Dr Diana Isaacs Surveys Emerging Diabetes, Obesity, and Cardiometabolic Treatment Landscape


Diana Isaacs, PharmD, chair of a recent Institute for Value-Based Medicine® event hosted in conjunction with Cleveland Clinic, details the up-and-coming therapies impacting the scope of treatment in diabetes, obesity, and cardiometabolic health, as well as their associated challenges.

Diana Isaacs, PharmD, BCPS, BCACP, BC-ADM, CDCES, FADCES, FCCP, Cleveland Clinic, recently joined for an interview regarding the recent Institute for Value-Based Medicine® event hosted in conjunction with Cleveland Clinic titled, "Future Perspectives and Controversies in Diabetes, Obesity, and Cardiometabolic Health."

In the interview, Isaacs discussed the notable interventions being developed in this field and dives into what she sees as the most prevalent challenge that needs to be addressed for the betterment of patient health.


This transcript has been lightly edited for clarity and length.

Which emerging treatment modalities or technologies do you foresee making the most significant impact in the management of diabetes, obesity, and cardiometabolic diseases, and how might they address current challenges in patient care?

In terms of new and emerging treatment modalities, I think that the big one—and a big focus of our conference—is on the GLP-1 receptor agonist or the incretin therapies, like the dual agonist and, now, we've got things in the pipeline, like triple agonist. And so I think those have been huge game changers in terms of the glucose-lowering as well as the weight loss. And now we're seeing those agents just really expand in the whole cardiometabolic space, we're seeing them being used or investigated for other conditions like heart failure, kidney disease, they're even being investigated for things like dementia. And so, it's really a very exciting time.

And in terms of technology, I think continuous glucose monitoring (CGM) just continues to explode. It really is the standard of care for anyone on any type of insulin. But we're also seeing it greatly expand now, for people on non-insulin therapies. And I think especially as we use, like a lot of times we use these GLP one therapies, and people are already on insulin, and we have to be very careful that we are decreasing insulin as they're losing weight and their glucose is lowered so that they don't experience hypoglycemia. And so the CGM is an amazing tool to help us to be able to do that.

And then of course, the virtual care and CGM now with the smartphone apps and being able to view the data remotely so we can do virtual visits, and someone doesn't need to come in so frequently with all the inconvenience of parking and everything. So the tech and the therapies are just very exciting.

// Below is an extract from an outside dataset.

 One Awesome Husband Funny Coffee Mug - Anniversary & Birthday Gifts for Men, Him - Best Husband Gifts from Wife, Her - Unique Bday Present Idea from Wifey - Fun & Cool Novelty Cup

What are some of the most pressing challenges in the field of diabetes and cardiometabolic health that need to be addressed? How do you propose navigating these to ensure optimal patient outcomes and public health initiatives?

One of the biggest challenges is cost and access. So these therapies, especially the incretin, the GLP-1 therapies are quite expensive. They're generally at least $1,000 a month. So in terms of having insurance coverage for it, or the prior authorization process, which takes extra time and extra hurdles to obtain it for our patients, and then sometimes even when it is covered, the copays the person has to pay—I mean, I've got patients that have $100 copays, which sounds like a bargain compared to $1000 a month, but that's too much for some people to pay. And so that is a huge concern because we've got people that clearly would benefit tremendously from these therapies that are just not able to obtain them.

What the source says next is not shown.